Chinese Economics Thread

SPOOPYSKELETON

Junior Member
Registered Member
I'm going to assume they made it all up. Maybe they spun a tale from something but you can't declare failure after only a few days. That's the giveaway it's fabricated on the media's part.

You're new here so I will tell what I've been saying for a long time in this forum. You have billionaires in China that go unnoticed by the government until they have made too much money to hide and then they get arrested for tax evasion. That's how it goes in China. The West wants to paint China as a giant police state that Beijing controls everything in life of everyone. If they control everything, how do these billionaires get unnoticed? If you go by US figures that supposedly follow Chinese figures, the average Chinese family can't afford to buy a car. Cars in China are slightly more expensive than in the US. Chinese buy more foreign brands than they do domestic. China is the largest car market in the world. How is China the largest car market in the world when the average family can't afford one? Why, because Chinese are making money in ways the government doesn't know about. Chinese have a longer capitalist spirit than ever in the history of the West. The Chinese know how to make money that the government can't track. If you listen to the West, China should be collapsing right now and in turmoil because China's GDP is well below the magic number of the 6.5% growth rate "they" say China has to maintain to prevent domestic instability. Where's the chaos in China they said would happen? It's either because those figures are a lie and/or Chinese are still making money not officially counted in government figures. I have much more faith that China will get out of their problems faster than the West will. The media knows it hence why they're so desperate to make it out China has to depend on street vendors because that's saying everything else is failing.

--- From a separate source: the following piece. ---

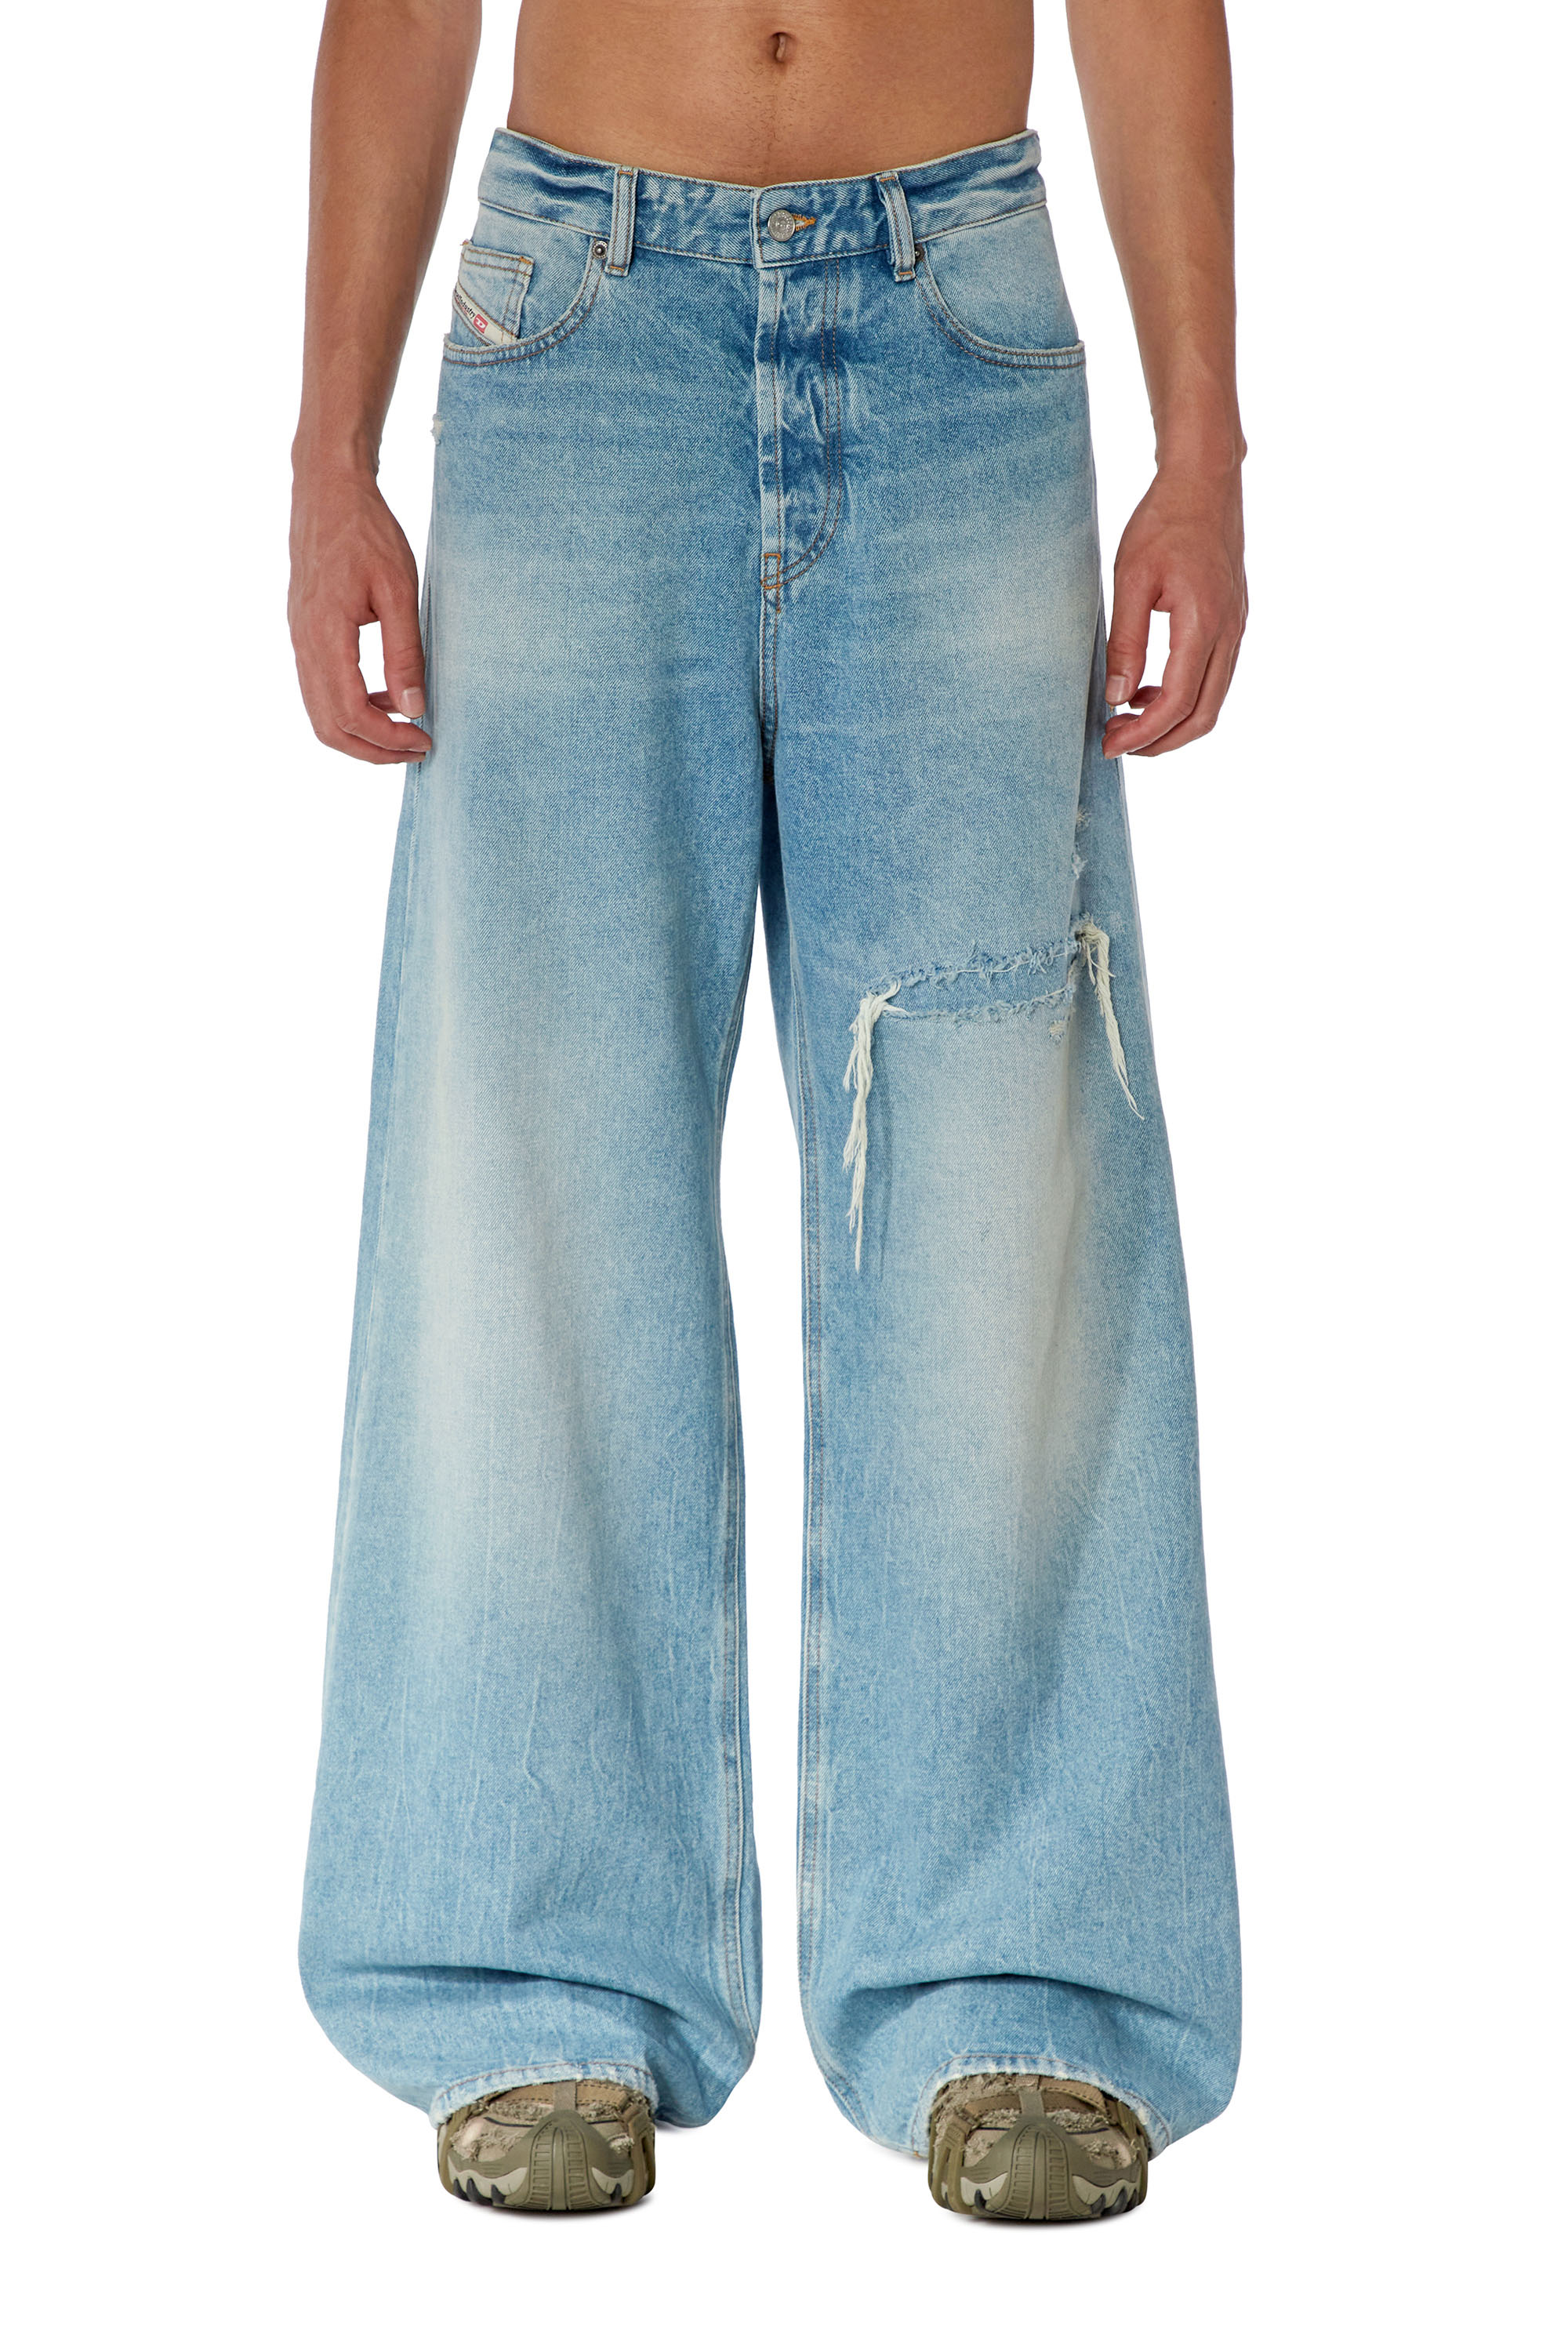 DIESEL Straight Jeans D-Rise denim 09e25股上33cm - デニム/ジーンズ
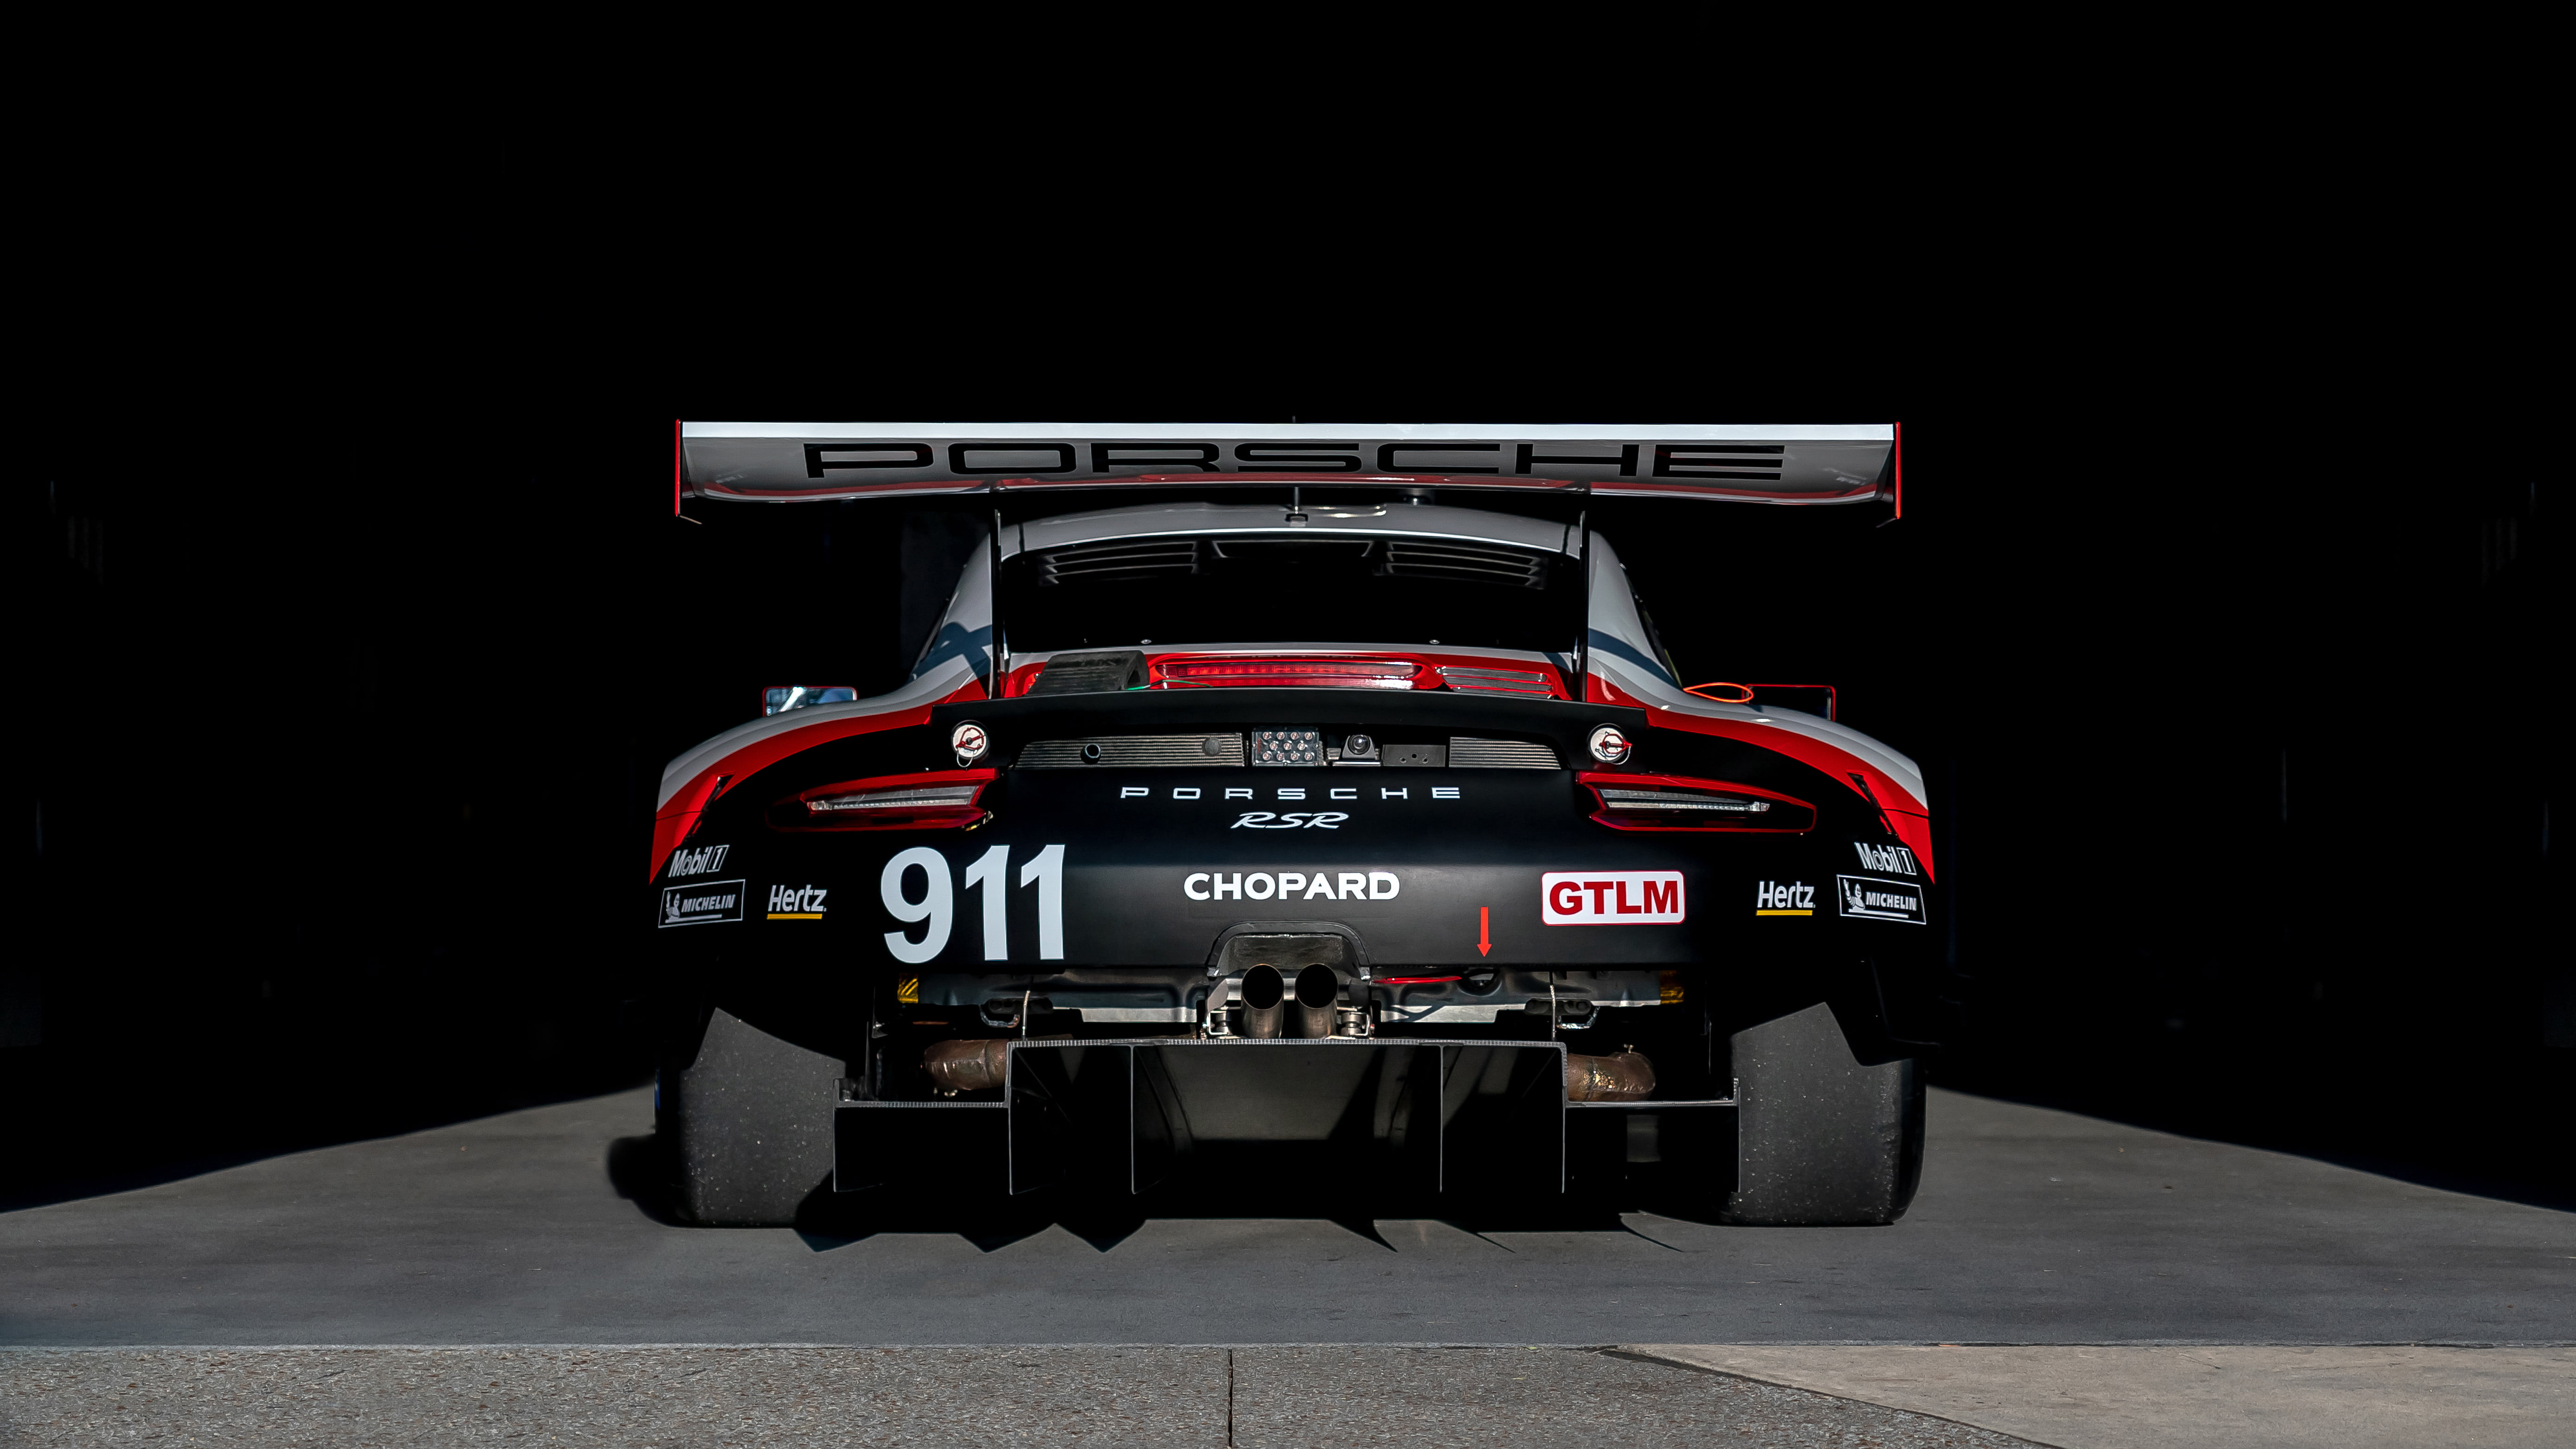 Porsche, Porsche 911 RSR, race cars

Can you give a personal story of this unofficial income?
 

j17wang

Senior Member
Registered Member
The recovery continues... China's engine will be leading the world's post-COVID economic renaissance.

China's auto sales surged 14.5% in May, a second straight month of growth as the global industry's biggest market gradually recovers from the coronavirus pandemic.

The China Association of Automobile Manufacturers said Thursday that sales of passenger cars jumped 7% from a year earlier to 1.67 million, an improvement over April's 2.6% contraction.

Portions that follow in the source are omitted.